SUPPLIED INFORMATION.
********************
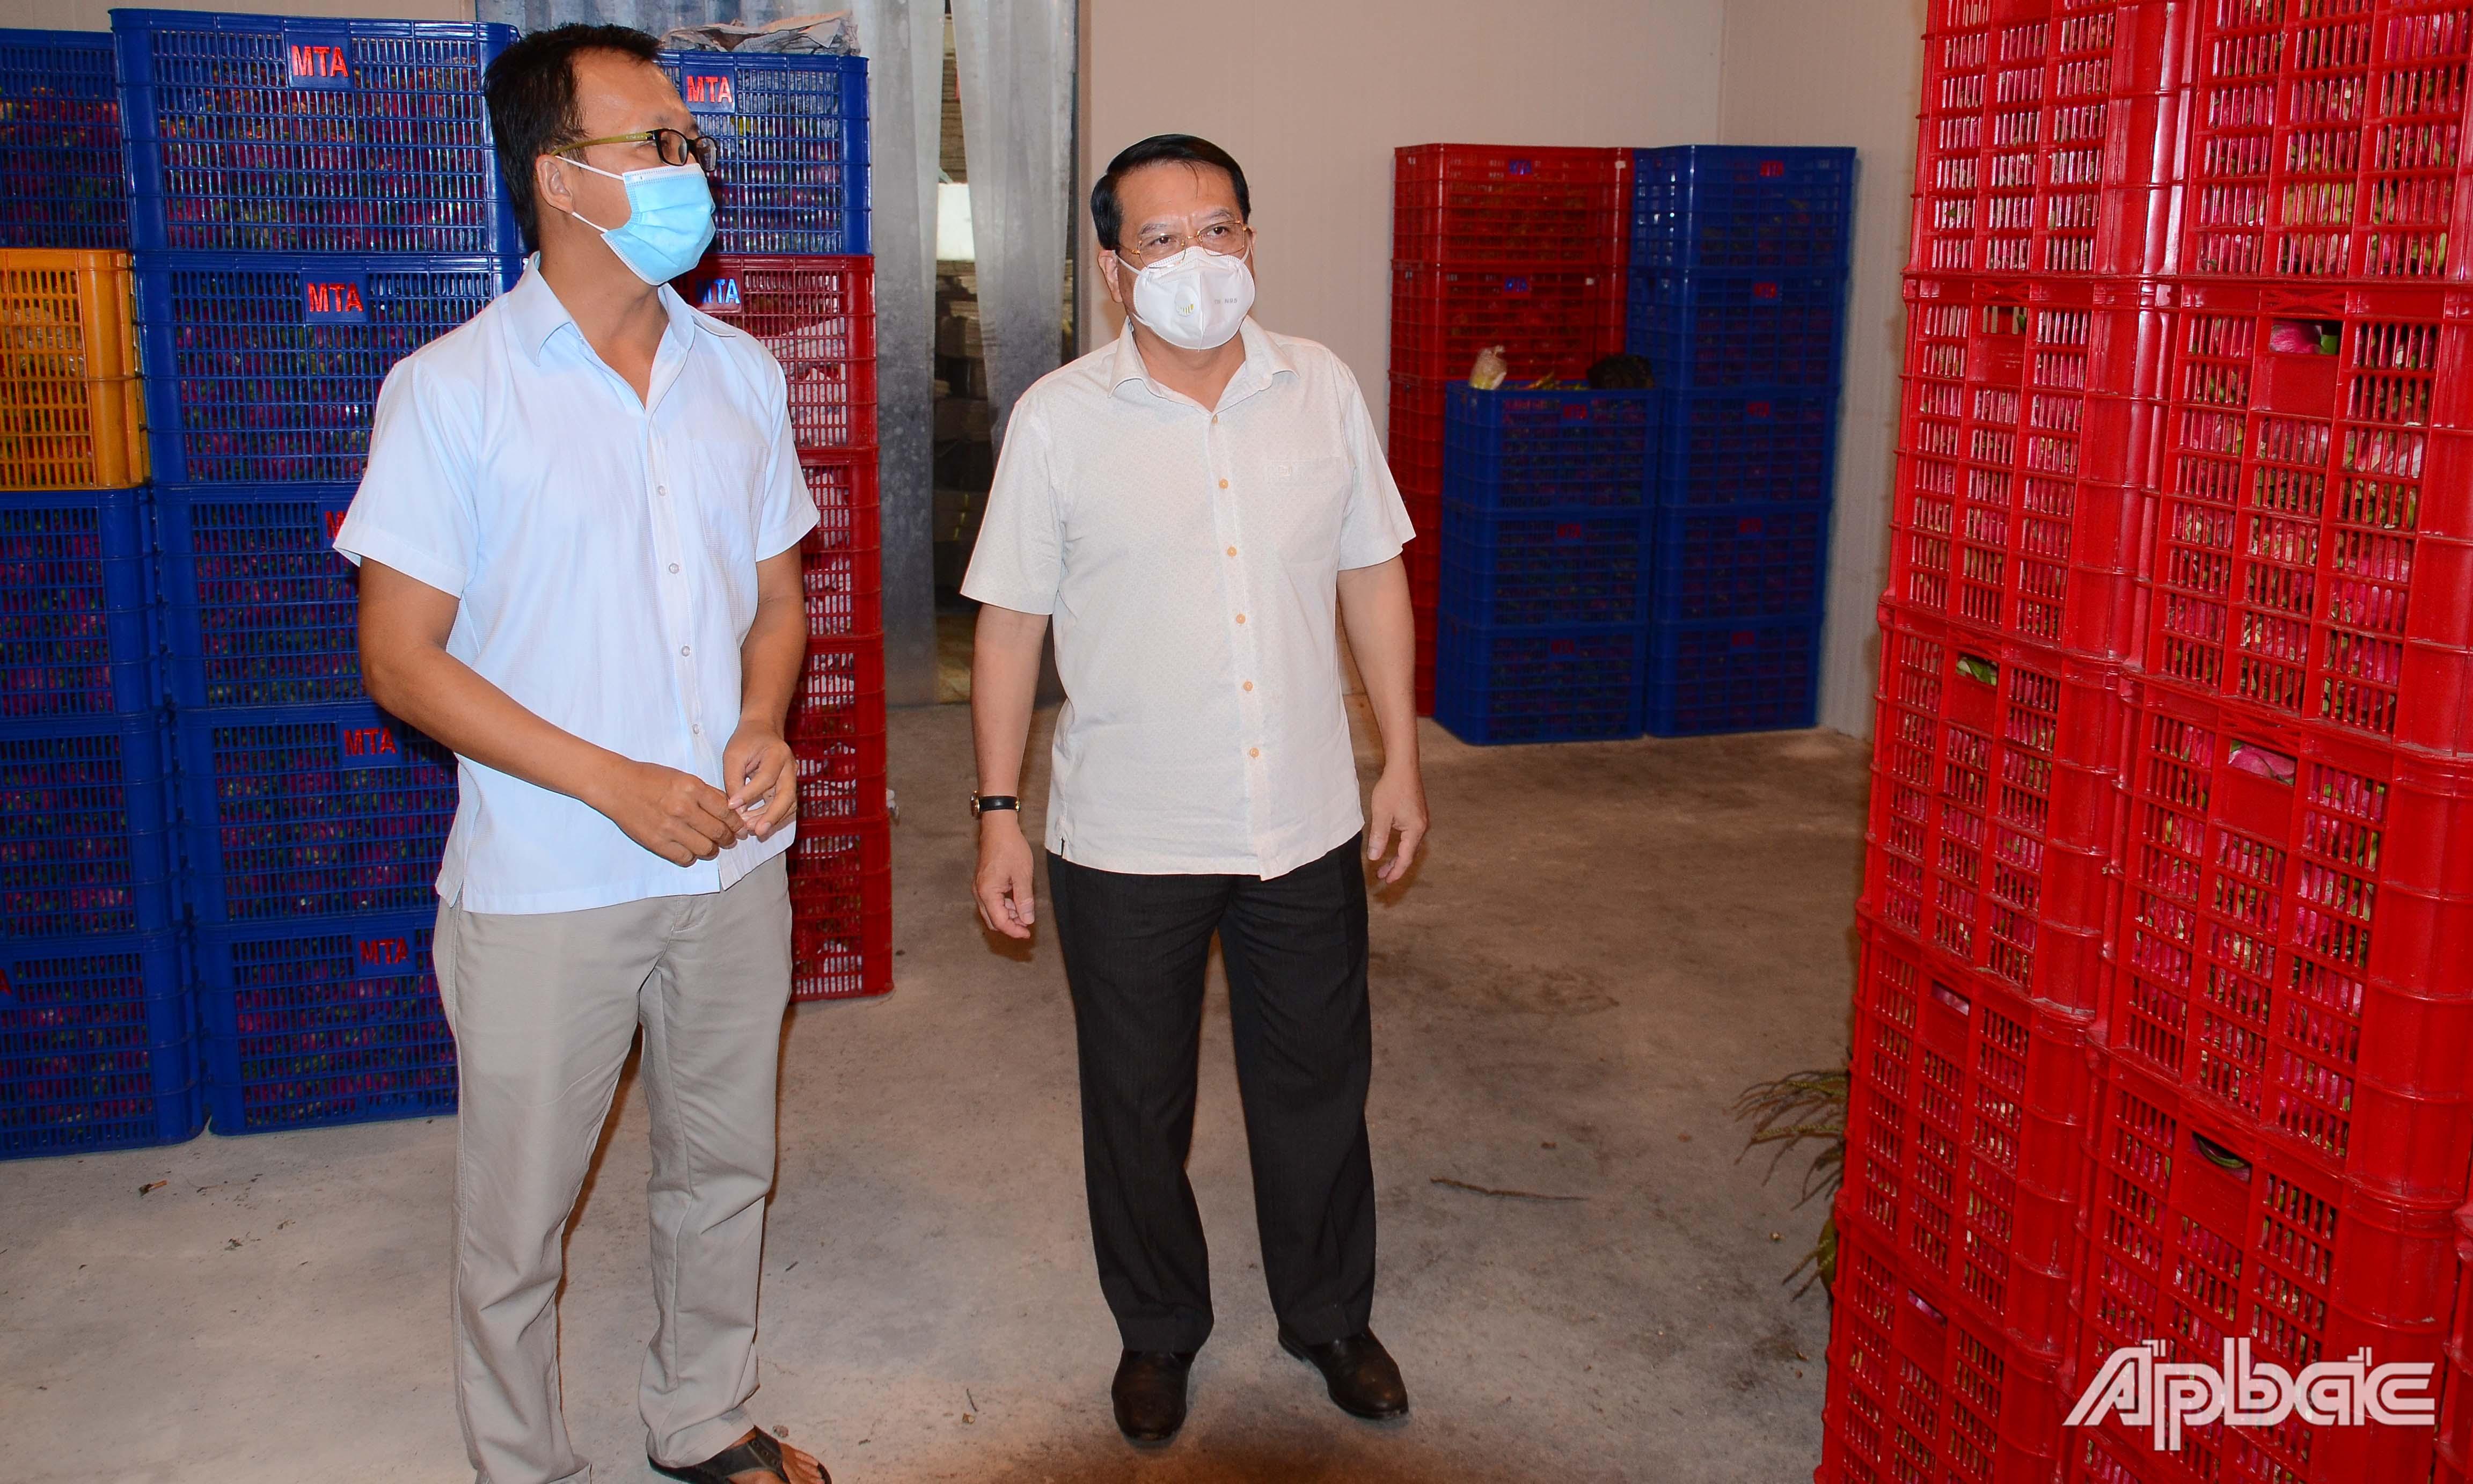 Đồng chí Phạm Văn Trọng thăm, kiểm tra tại HTX Mỹ Tịnh An.
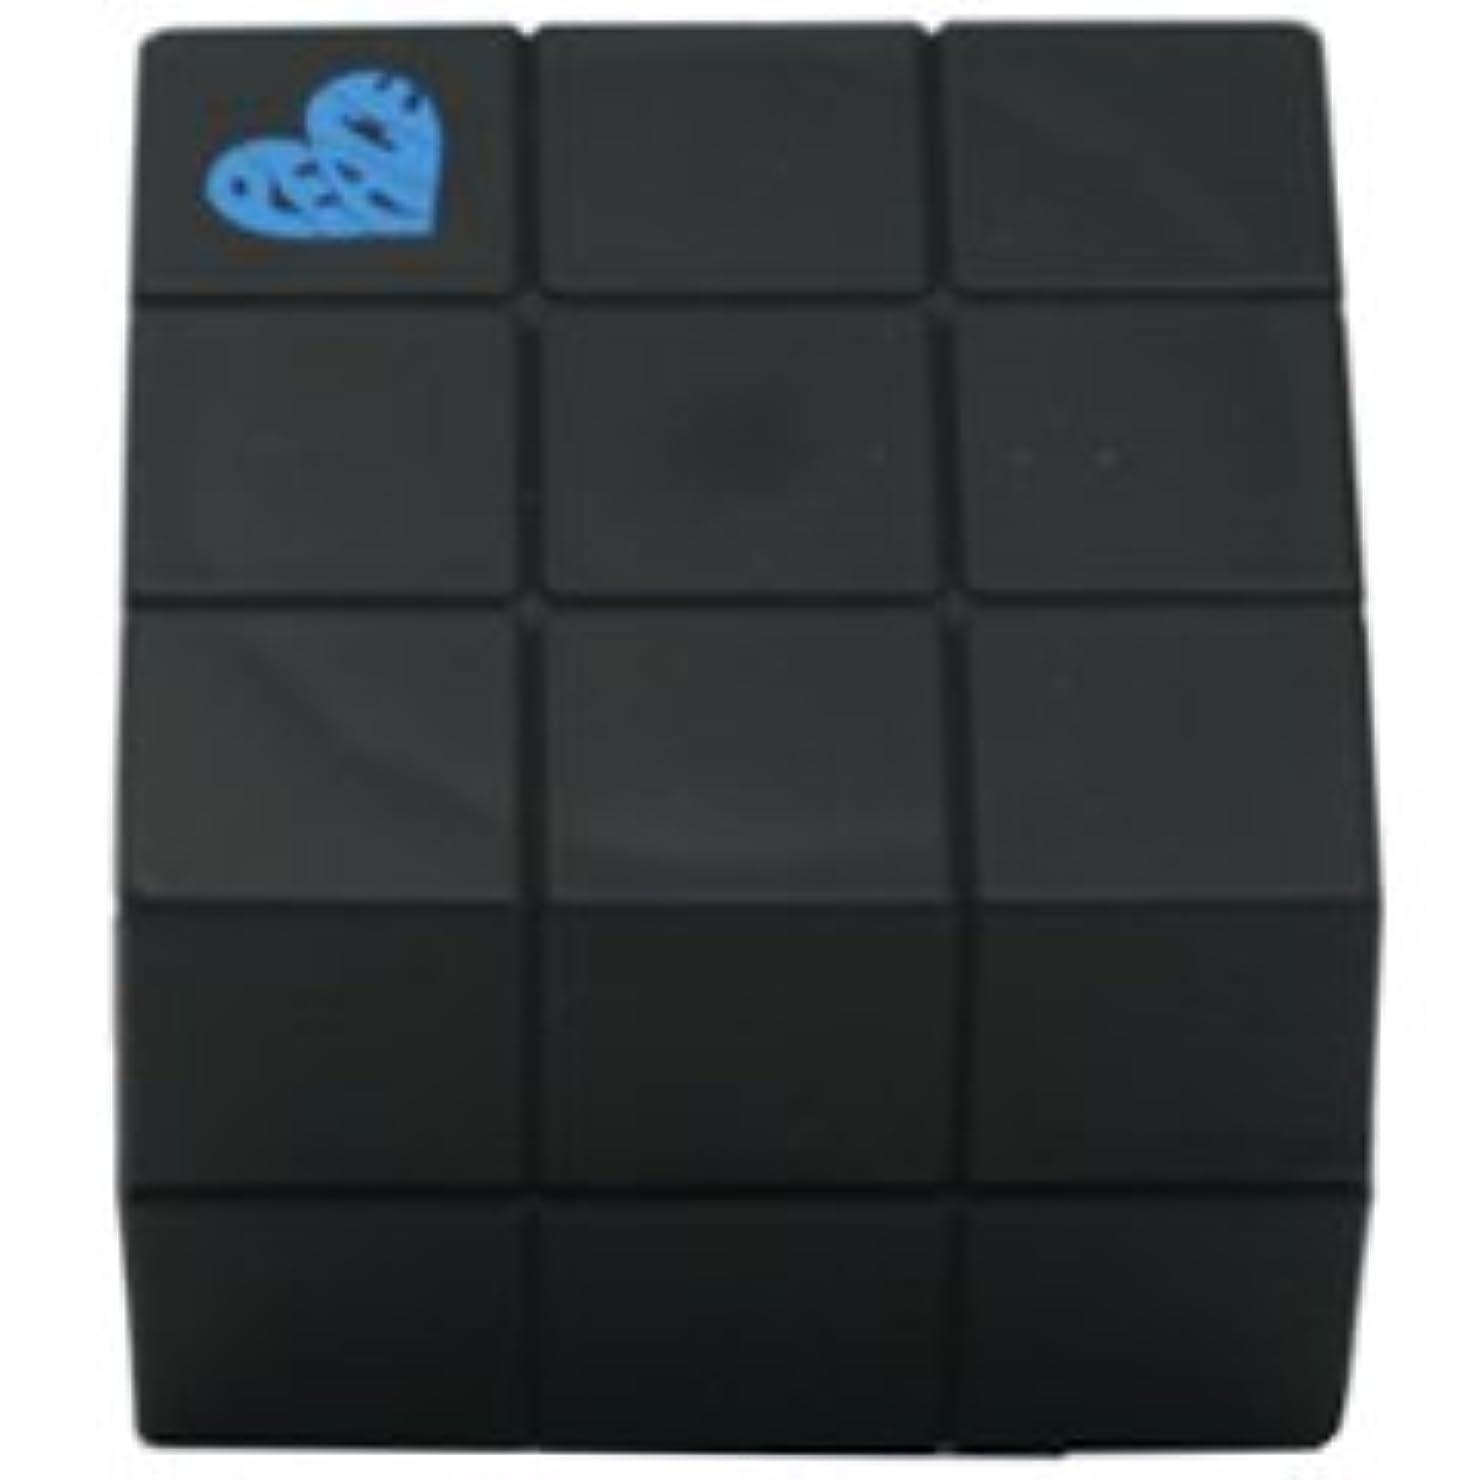 振動する実行可能合図アリミノ ピース プロデザインシリーズ フリーズキープワックス ブラック 40g
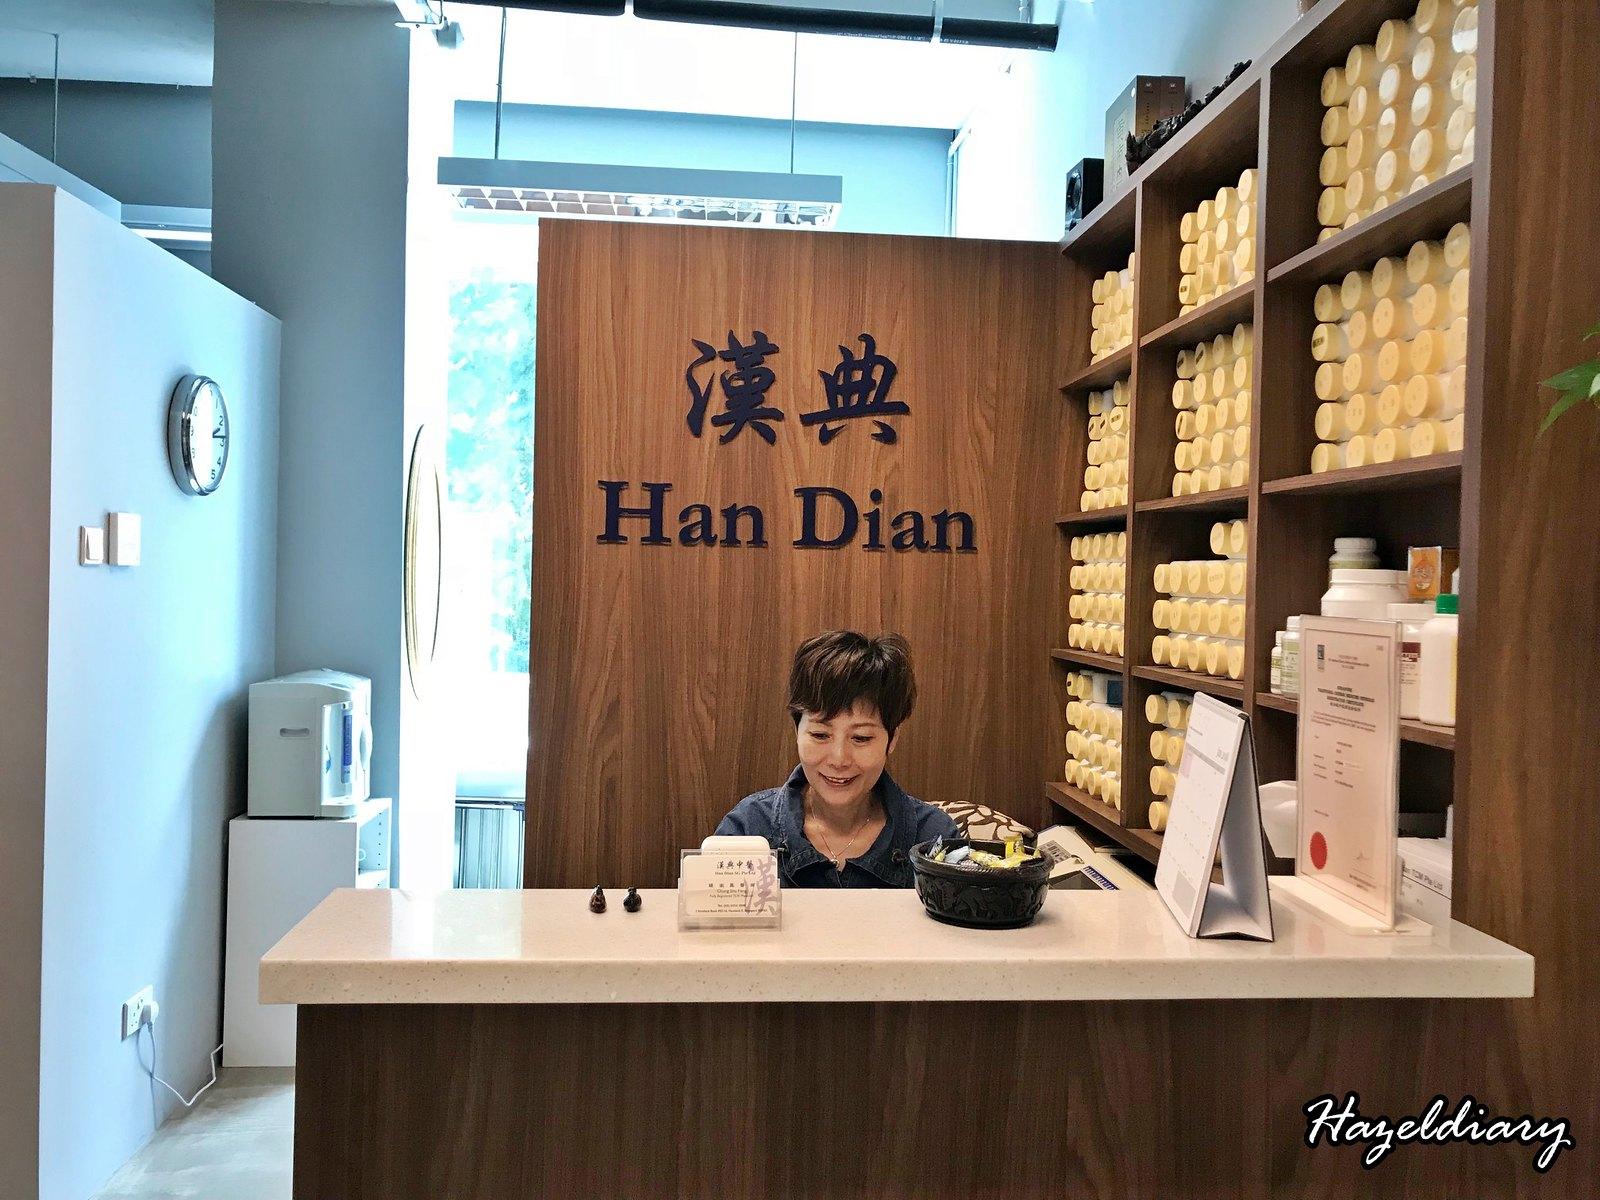 Han Dian SG-5
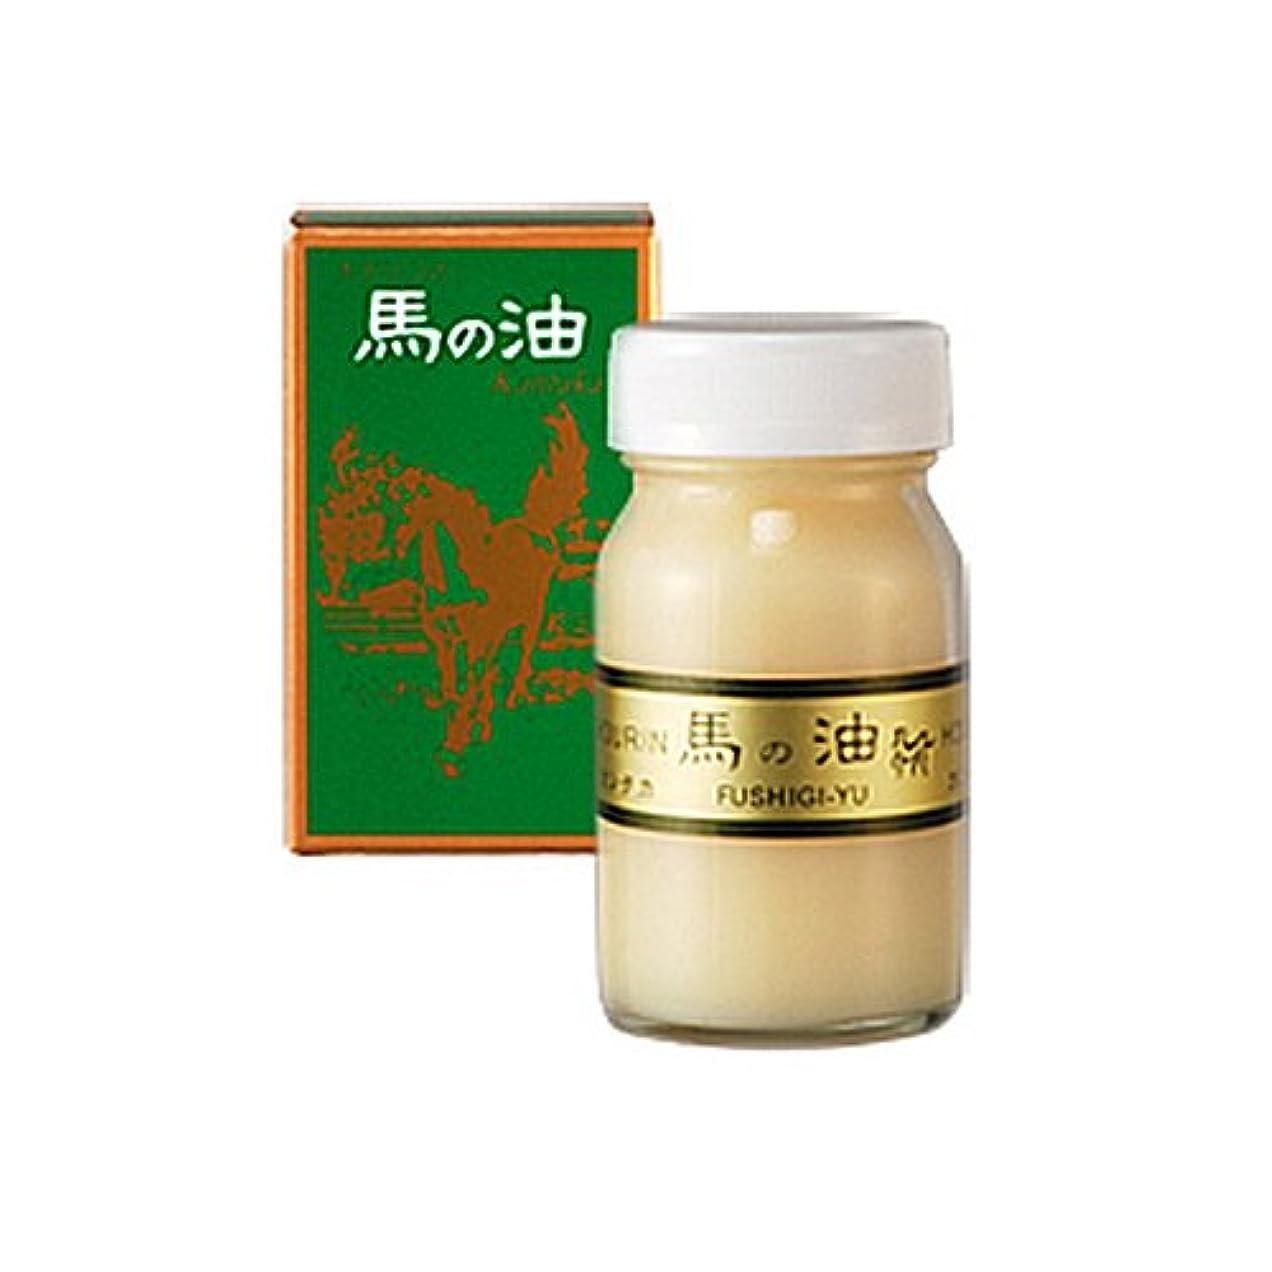 雑品スプレーカセットホウリン 馬の油 カンタカ 65ml ×6セット
********************
Without any pictures, return the material above exactly.

COMPLETED EXERCISE.
 Đồng chí Phạm Văn Trọng thăm, kiểm tra tại HTX Mỹ Tịnh An.
 振動する実行可能合図アリミノ ピース プロデザインシリーズ フリーズキープワックス ブラック 40g
 Han Dian SG-5
 雑品スプレーカセットホウリン 馬の油 カンタカ 65ml ×6セット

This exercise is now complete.